Another major issue with competing all these tasks via stand-alone imperative skills is that execution of each of them is blocking. Voyager doesn’t reason, plan and replan at runtime taking the current situation into account. Humans possess much finer-grained symbolic control over motor skills. If the agent is executing mineFiveCoalOres in context of larger imperative skill of crafting iron pickaxe for getting a diamond and runs near a diamond item lying on the ground, it will just ignore this diamond. Such an imperative skill will not ever try to pick a diamond before mining diamond ore if such the possibility is not explicitly coded. This behavior looks not too intelligent, but does it matter if Voyager can acquire a diamond?

Field Trials

Unexpected situations leading to impasses appear more frequently than that leading to shortcuts, and imperative skills are prone to getting stuck, and one can wonder how Voyager overcomes this. Of course, Voyager doesn’t try to come up with exploreUntil function by itself, and uses a polished handcrafted code. Otherwise, it would get stuck too often. It also executes skills for a limited amount of time, so it doesn’t stay stuck forever. However, such cases are not infrequent. For example, Voyager got stuck for almost 10 minutes even using the teleport cheat (for local movement) in our third run.
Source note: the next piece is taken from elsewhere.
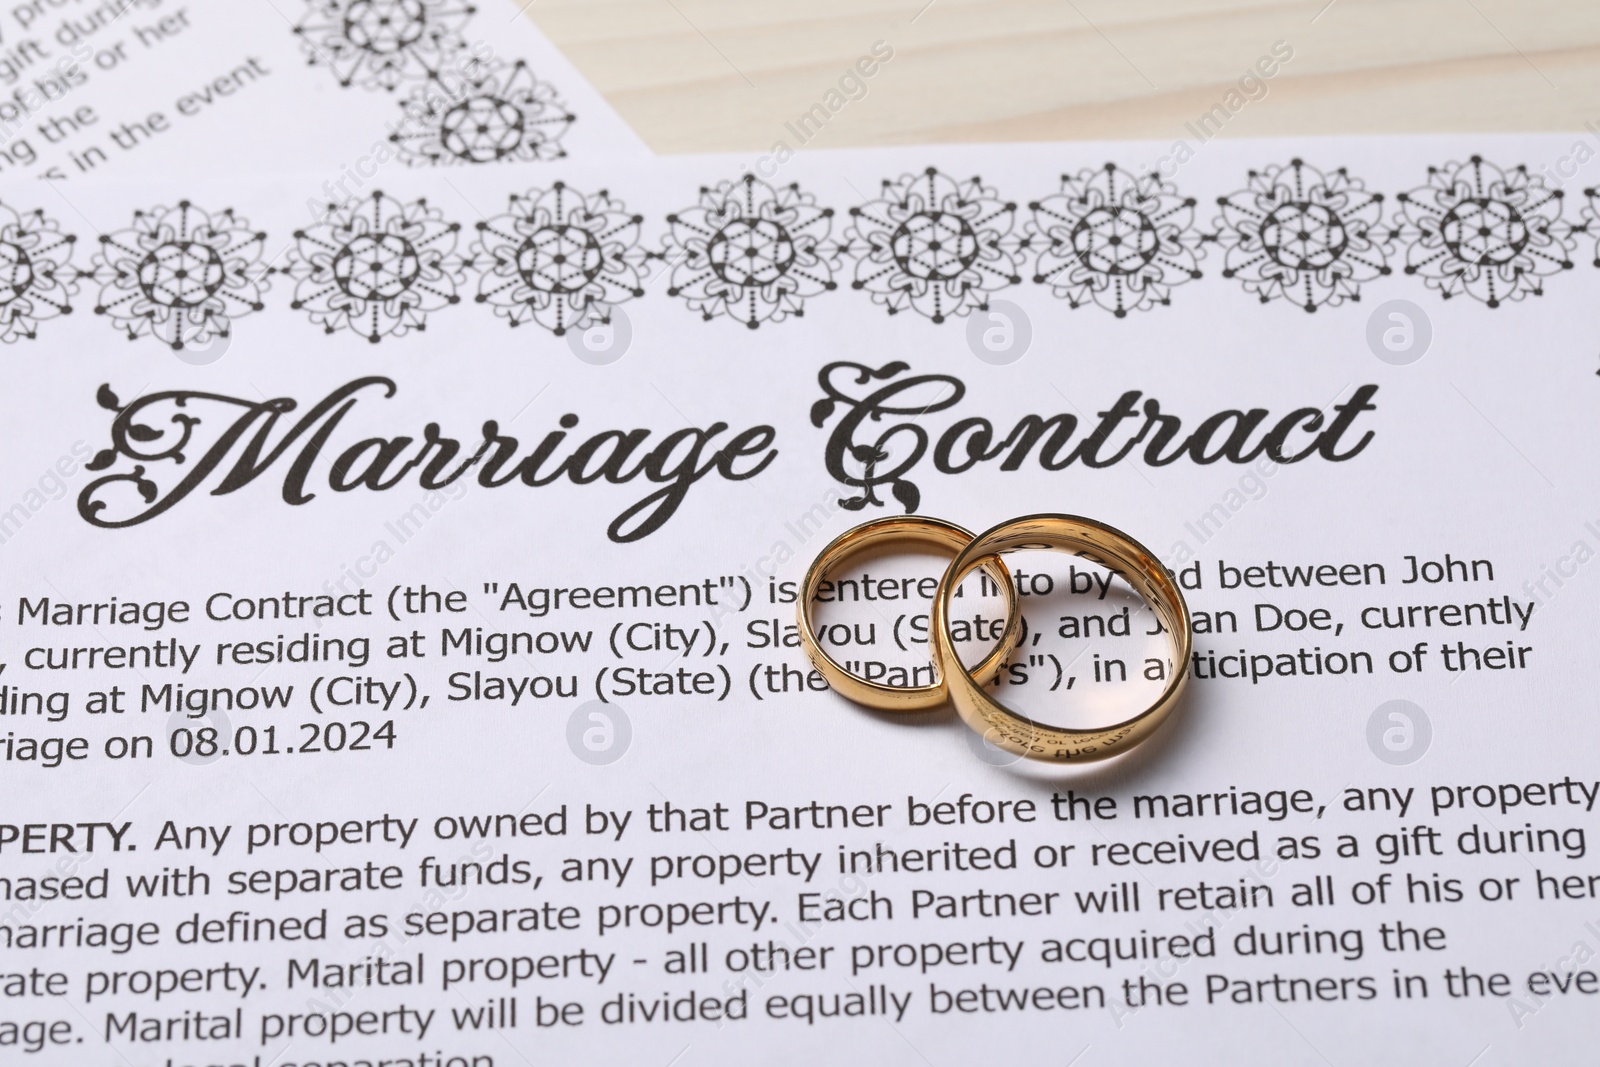 Photo of Marriage contracts and gold rings on light wooden table, above view

Voyager got stuck for 10 minutes even using the teleport cheat

It also appears that Voyager uses findBlocks with maxDistance=32 meaning that it sees through all other blocks and can “notice” coal, iron or diamond ore at 32 blocks distance, so it doesn’t need to search for blocks, but goes directly to them with the use of Mineflayer’s pathfinder. There is a chance of the block to be not found, and Voyager relocates to make a try in a different place, but this is also hand-coded.

If we allow our agent to “notice” iron and diamond ore (but not other blocks) similar to findBlocks without teleport and other cheats, it will be able to acquire a diamond faster than Voyager.

Voyager obtaining a diamond (frames when the server is paused are not recorder; real time is about 1 hour)

Eventually, is acquiring a diamond by Voyager a considerable achievement? We would say — not really. It is not practical at the moment. Voyager pauses the Minecraft server and spends an order of magnitude more time on thinking that on playing the game itself. And it also costs money for GPT-4 API calls. Its training is much more costly than writing a better skill library manually (especially taking into account that examples of skills are written manually), and still its behavior is far from perfect even with cheats. Its architecture doesn’t seem like a step towards AGI as well. It still has its merit as an example of:

  • Usage of information possesses by GPT-4 about specific domain;
  • A capability of GPT-4 to write programs with calls to custom libraries described via prompts;
  • A possibility of such usage of GPT-4 that connects domain knowledge to program code.

It would be interesting if GPT-4 could make a real contribution as a part of neural-symbolic architecture with declarative knowledge and reasoning component.